In dinghy sailing, a practical distinction can be made between being knocked down (to 90 degrees) which is called a capsize, and being inverted, which is called being turtled. Small dinghies frequently capsize in the normal course of use and can usually be recovered by the crew. Some types of dinghy are occasionally deliberately capsized, as capsizing and righting the vessel again can be the fastest means of draining water from the boat.
Capsizing (but not necessarily turtling) is an inherent part of dinghy sailing. It is not a question of "if" but a question of "when". For those who do not want the experience, a keelboat monohull has physics on its side. But even yachts can capsize and turtle in extraordinary conditions, so design considerations are important. Such events can overcome skill and experience; boats need to be appropriate for foreseeable conditions.

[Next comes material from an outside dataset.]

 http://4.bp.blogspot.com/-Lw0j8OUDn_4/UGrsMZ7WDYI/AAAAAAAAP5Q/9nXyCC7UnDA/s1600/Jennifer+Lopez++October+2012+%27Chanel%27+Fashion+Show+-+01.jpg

A capsized kayak may be righted with a roll or eskimo rescue. As long as the kayaker knows how to react, the water is not too shallow, and the location is not close to dangers which that require evasive action by the kayaker – which cannot be taken while capsized – capsizing itself is usually not considered dangerous. In whitewater kayaking, capsizing occurs frequently and is accepted as an ordinary part of the sport.

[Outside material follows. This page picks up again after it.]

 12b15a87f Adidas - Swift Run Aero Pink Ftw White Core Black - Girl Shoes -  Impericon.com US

For sailing vessels, the "capsize ratio" is a commonly published number used as a guideline for safe operation, where a ratio of less than 2.0 is considered suitable for offshore operation. However the only variables that go into "capsize ratio" are a vessel's beam and its displacement, and a thorough assessment of ship stability needs to consider various other factors.
A vessel may be designated as "self-righting" if it is designed to be able to capsize then return to upright without intervention (with or without crew on board). Most small craft intended as lifeboats with rigid (rather than inflatable) hulls designed since about the middle of the twentieth century are self-righting.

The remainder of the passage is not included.